We present a stochastic Justh–Krishnaprasad flocking model describing interactions among individuals in a planar domain with their positions and heading angles. The deterministic counterpart of the proposed model describes the formation of nematic alignment in an ensemble of planar particles moving with a unit speed. When the noise is turned off, we show that the nematic alignment state, in which all heading angles are either same or the opposite, is nonlinearly stable using a Lyapunov functional approach. We employed a diameter-like functional via the rearrangement of heading angles in the [Formula: see text]-interval. In contrast, under the additive noise, a continuous angle configuration will be deviated asymptotically from the nematic state. Nevertheless, in any finite-time interval, we will see that some part of angle configuration will stay close to the nematic state with a positive probability, where we call this phenomenon as stochastic persistency.

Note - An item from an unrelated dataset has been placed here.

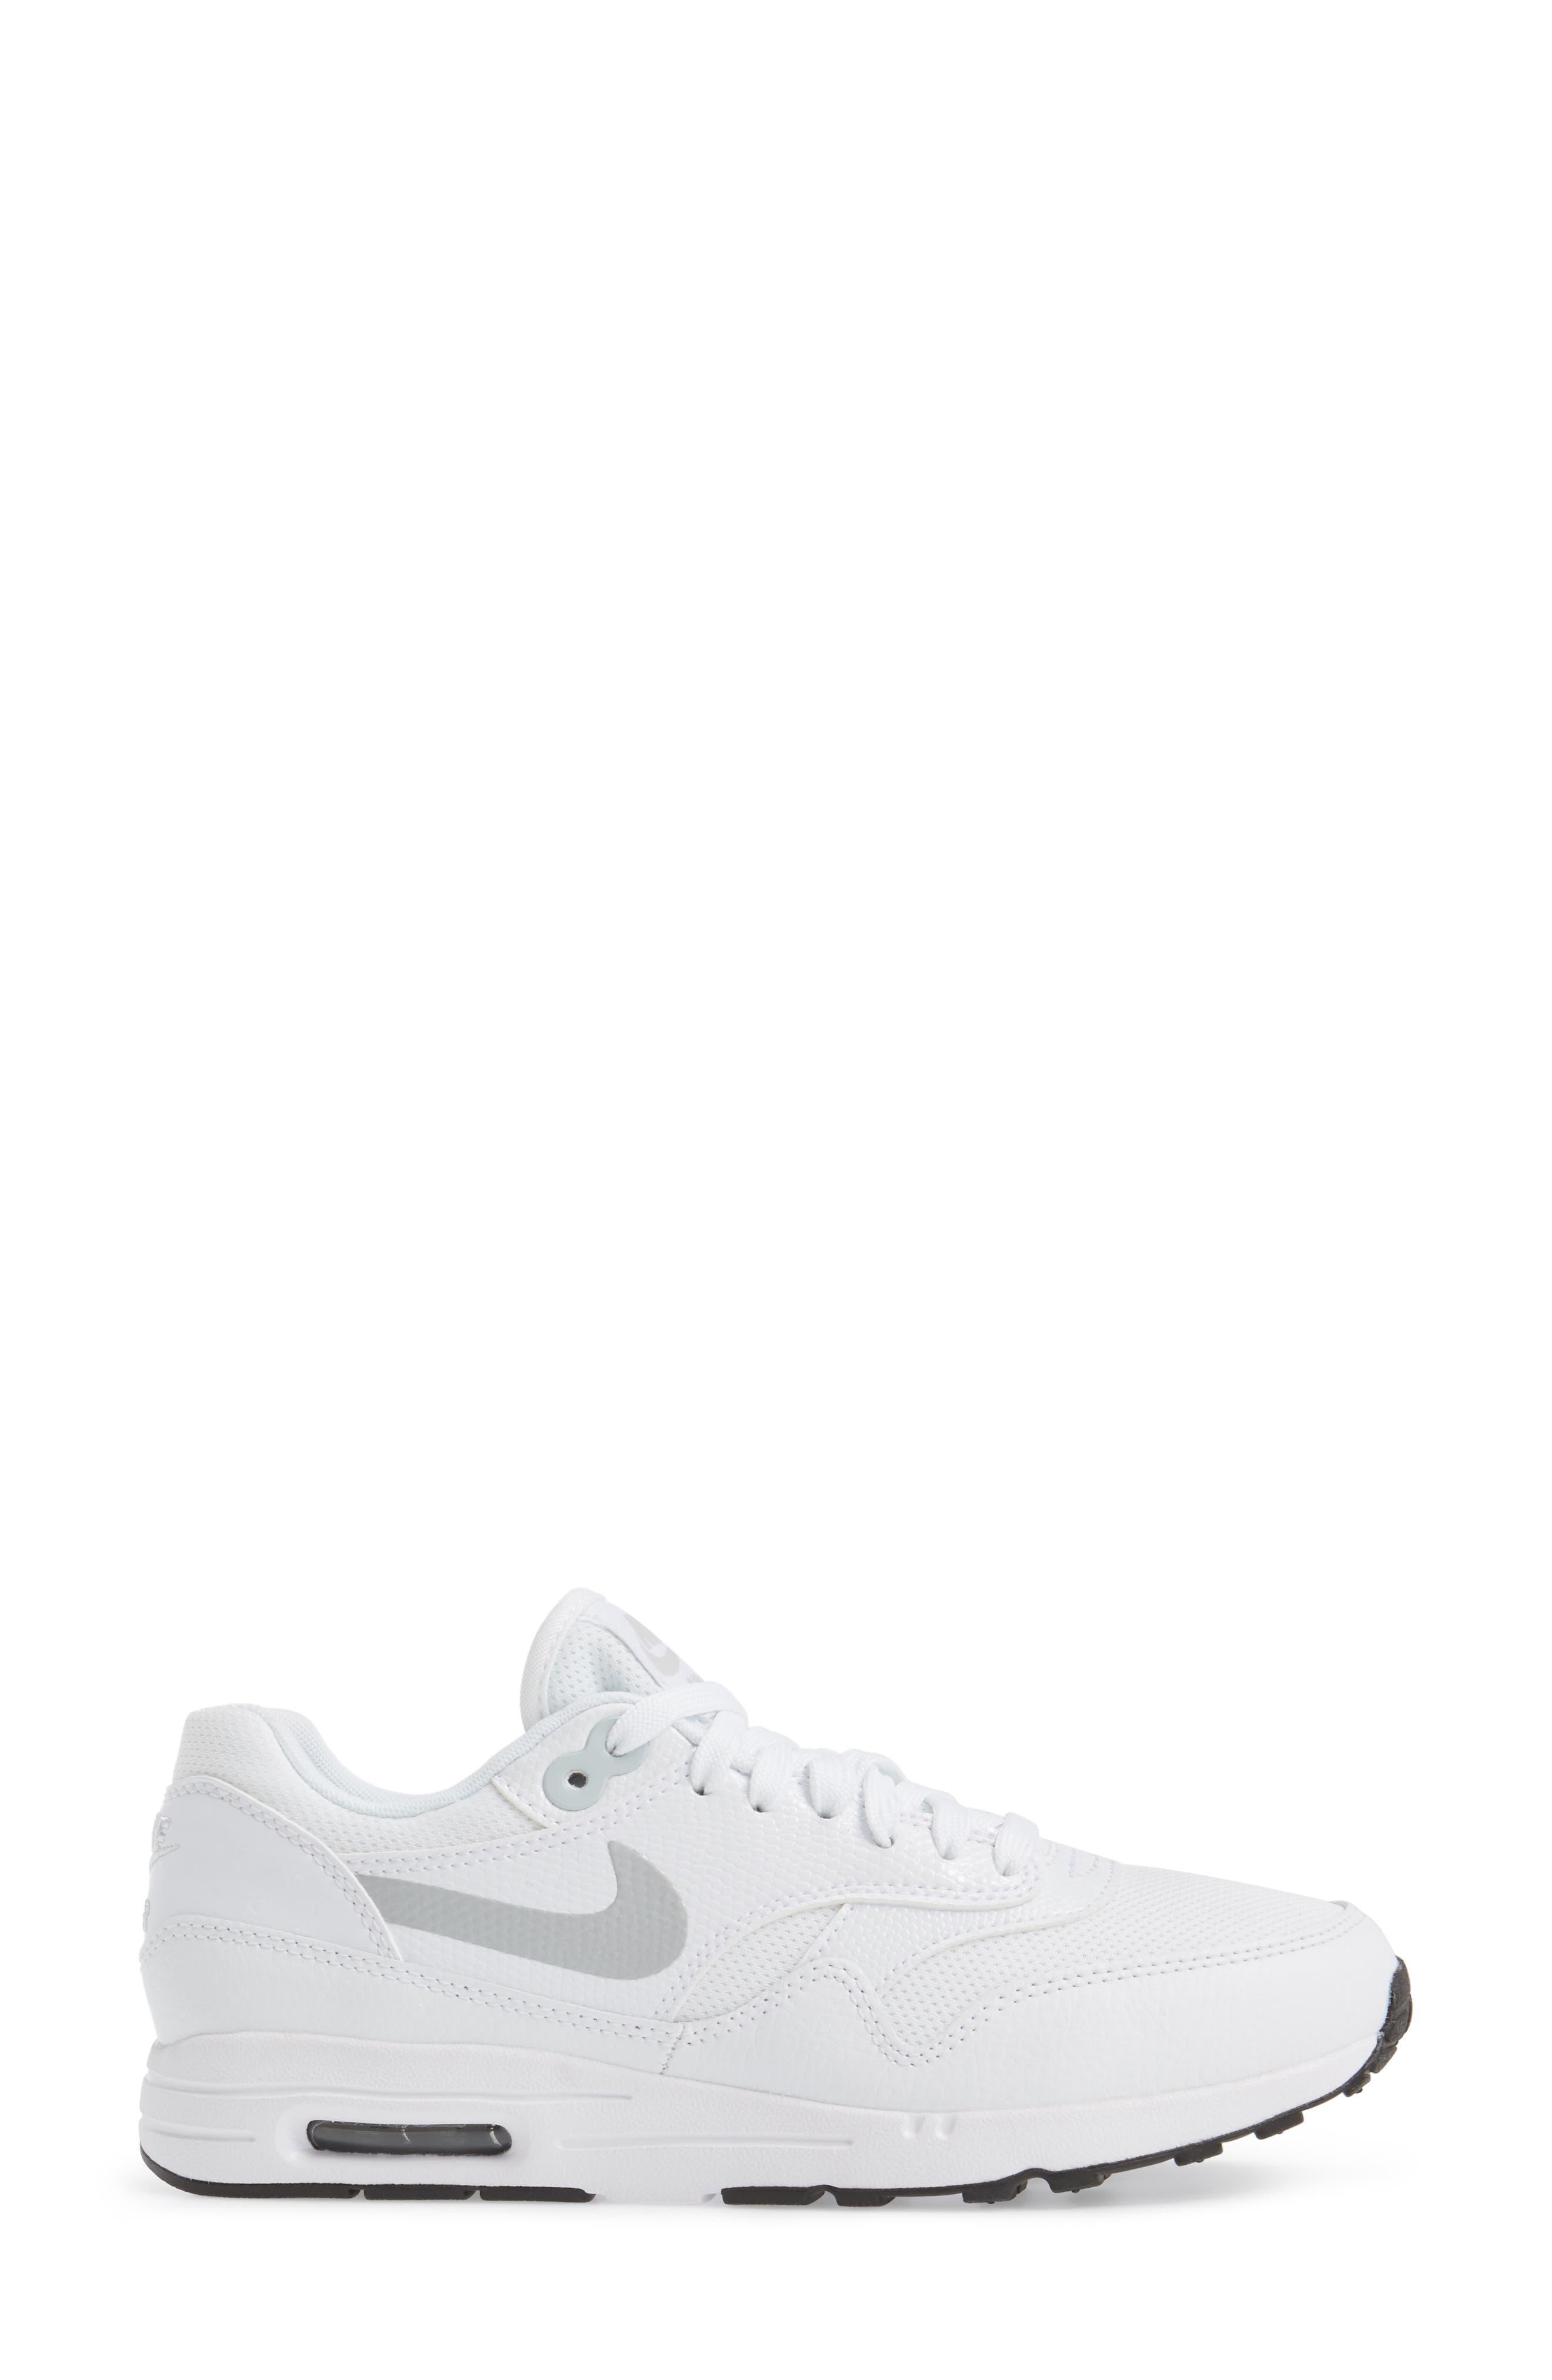 Air Max 1 Ultra 2.0 Running Shoe,                             Alternate thumbnail 3, color,                             White/ Platinum/ Black/ White

We provide a quantitative estimate on the probability for stochastic persistency and compare several numerical examples with analytical results.

中文翻译：

---

具有加性白噪声的 Justh-Krishnaprasad 模型的向列对齐状态的随机持久性

我们提出了一个随机 Justh-Krishnaprasad 植绒模型，该模型描述了平面域中个体之间的相互作用及其位置和航向角。所提出模型的确定性对应物描述了在以单位速度移动的平面粒子集合中向列排列的形成。当噪声关闭时，我们使用 Lyapunov 函数方法证明了所有航向角相同或相反的向列对齐状态是非线性稳定的。我们通过在[公式：见文本]-区间中重新排列航向角来使用类直径泛函。相反，在加性噪声下，连续角度配置将逐渐偏离向列状态。然而，在任何有限时间间隔内，我们将看到角度配置的某些部分将以正概率保持接近向列状态，我们将这种现象称为随机持久性。我们提供了对随机持续性概率的定量估计，并将几个数值示例与分析结果进行了比较。